Aun así, el nombre Villar mantiene un prestigio considerable en el ejército, especialmente en la región de Mulan.
En ese momento, un hombre alto y delgado vestido como una florista se apresuró a acercarse, y al ver a Emilie, inmediatamente la llamó en voz alta:
—Mi querida Emilie, ¿por qué has venido aquí?
Vuelve conmigo, el baile aún no ha terminado.
Emilie respondió fríamente:
—No es asunto tuyo dónde voy.
Por favor, vete.
Pero la “florista” extendió la mano para agarrarla.
—Soy tu prometido, ¿cómo puedo no preocuparme por ti?
—¡No!
No eres mi prometido, ¡nunca he estado de acuerdo con eso!
La “florista” sonrió.
—Es solo cuestión de tiempo.
¡Tu madre seguramente aceptará tu matrimonio conmigo!
Sin las treinta mil libras de mi padre, tu familia probablemente no podría ni mantener la dignidad del ducado de Villar.
Desde detrás de un arce, Perna se preguntó confundida: «Treinta mil libras es realmente mucho, pero ¿la madre de la duquesa realmente casaría a su hija con un hombre que no le gusta solo por el dinero?»
Eman susurró:
—He oído que los bienes e influencia de la familia ducal de Villar son administrados por el General Mayor Villar—oh, ese es el tío de la señorita Emilie.
—Parece que posiblemente ha usurpado el control de la señorita Emilie y su madre, manteniendo todo firmemente en sus manos.
Joseph se burló:
—Planes tan astutos, para forzar a su propio hijo a casarse con la señorita Emilie, entonces todo lo que posee la Duquesa de Villar se convertiría en suyo.
Perna apretó los dientes con rabia:
—¡Sinvergüenza!
¡Esto es totalmente desvergonzado!
La “florista” habló, y luego miró a Andre cerca, con un tono burlón dijo:
—Oh, ¿no eres tú ese pequeño oficial de Soissons?
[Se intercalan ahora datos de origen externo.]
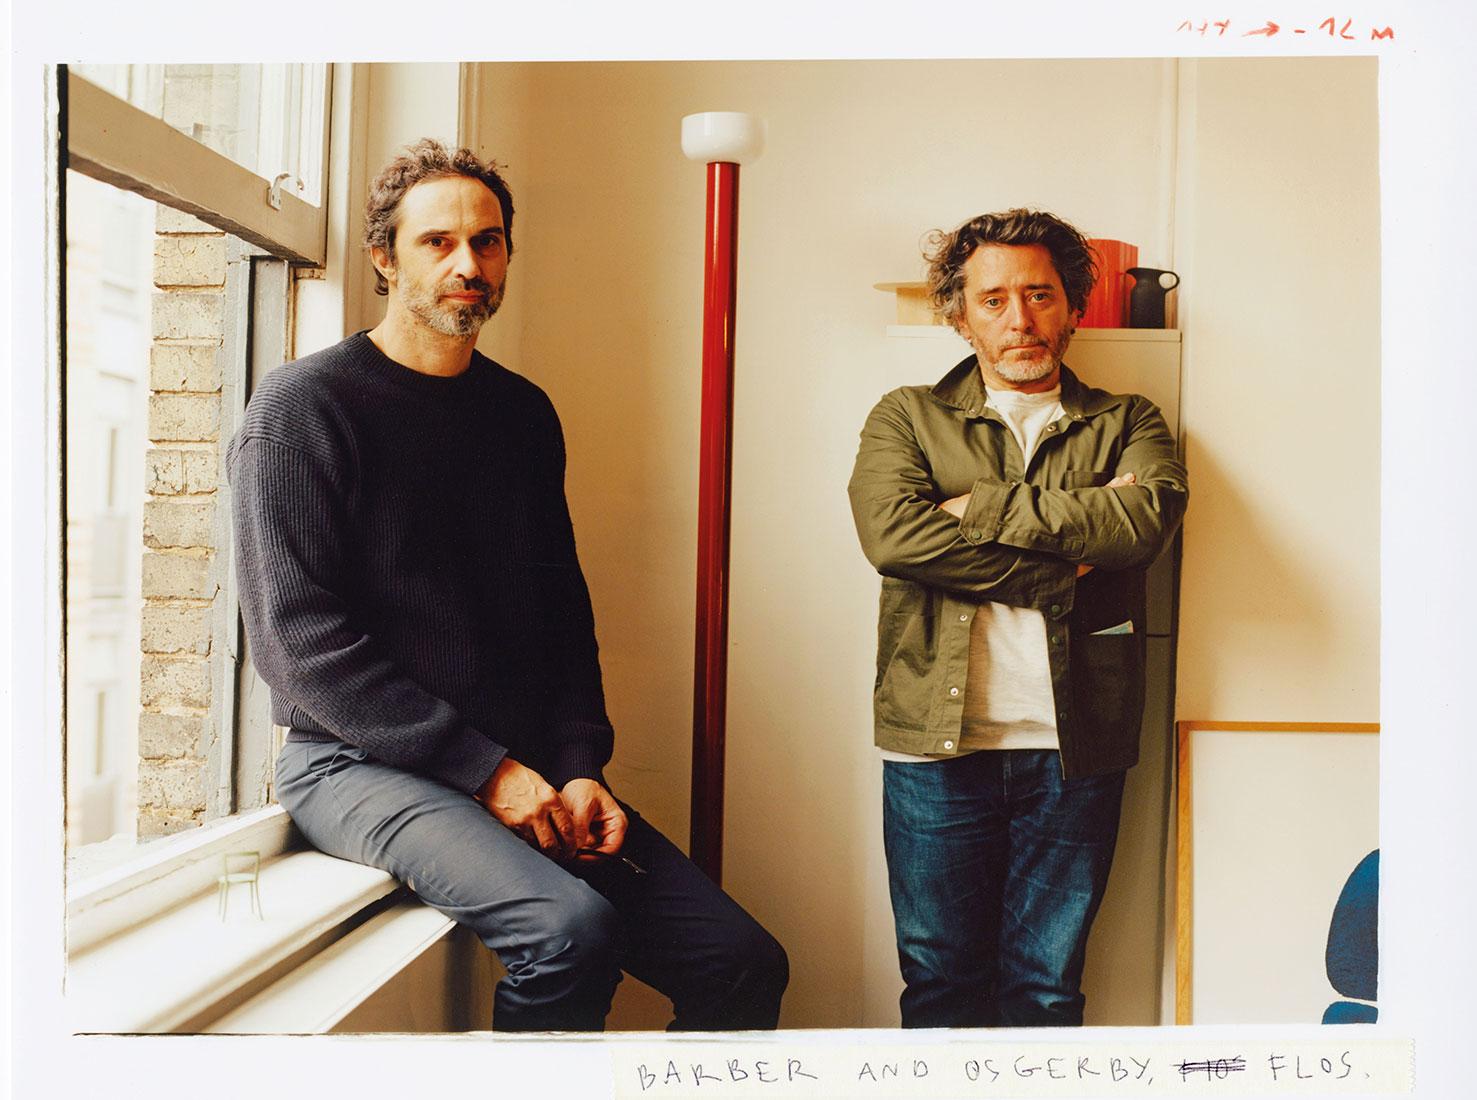 Эдвард Барбер и Джей Осгерби фото

Realmente conseguiste asistir a un baile en el Palacio de Versalles, ¿qué pasa?
¿Todavía no renuncias a mi Emilie?
Andre había sido invitado al baile como recompensa por su servicio militar.
Miró furioso al hombre:
—Estoy profundamente enamorado de Emilie, ¡y ella me ama!
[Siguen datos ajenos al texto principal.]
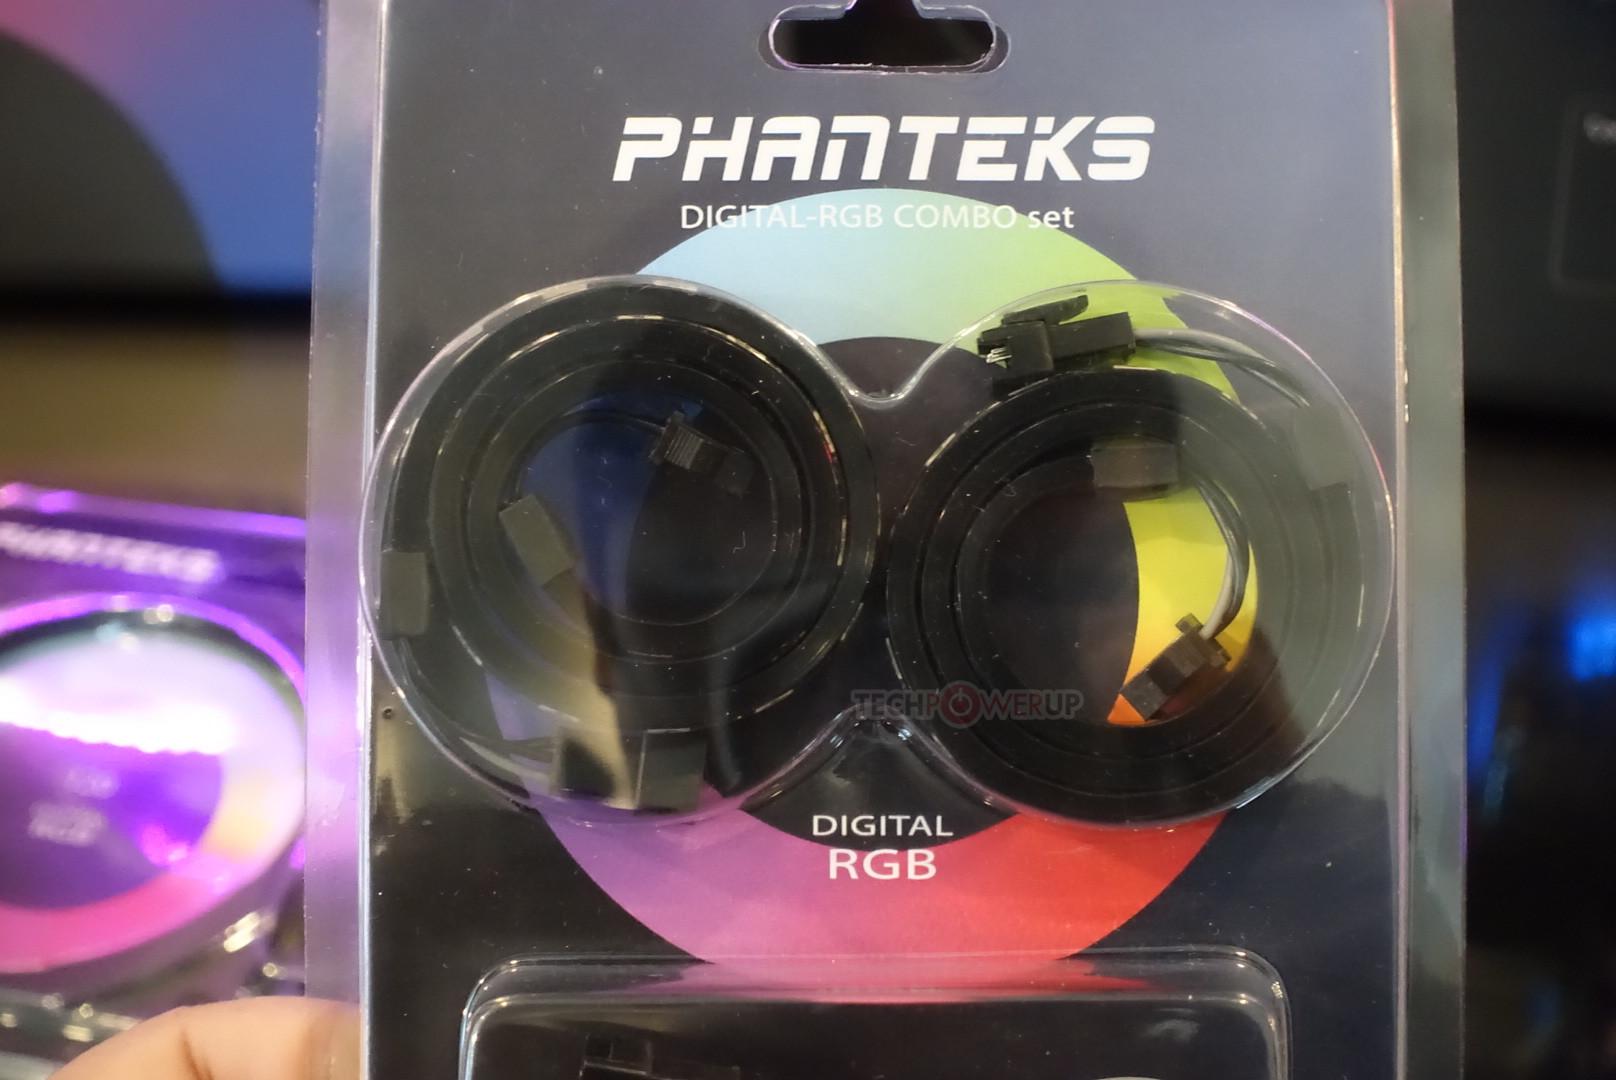 Phanteks' Four New RGB LED Products Dazzle | TechPowerUp

¡No permitiré que se case contigo!
—Ja ja —la “florista” de repente se rió—, ¿alguien como tú aspira a casarse con la Duquesa de Villar?
—¿Sabes cuánto cuesta mantener la mansión ducal de Villar?
Tu miserable salario apenas alcanzaría para dos días.
—Yo…
—Andre comenzó a responder pero se quedó algo ahogado.
La “florista” continuó:
—Escucha, incluso si Emilie se casara contigo contra todo pronóstico, solo convertiría a la familia Villar en un hazmerreír.
Su madre no podría levantar la cabeza frente a la nobleza, ¿por qué?
Adoptó un tono condescendiente:
—Oh, Lady Villar, ¡he oído que su hija se casó con un pobre teniente sin un título significativo!
¡Qué lamentable es usted!
—¡Tú!
—Los ojos de Andre ardían de furia, y de repente, se quitó el guante y lo arrojó al suelo, desenvainando su espada con fiereza—.
¡Yo, Louis André Davou, te desafío a un duelo!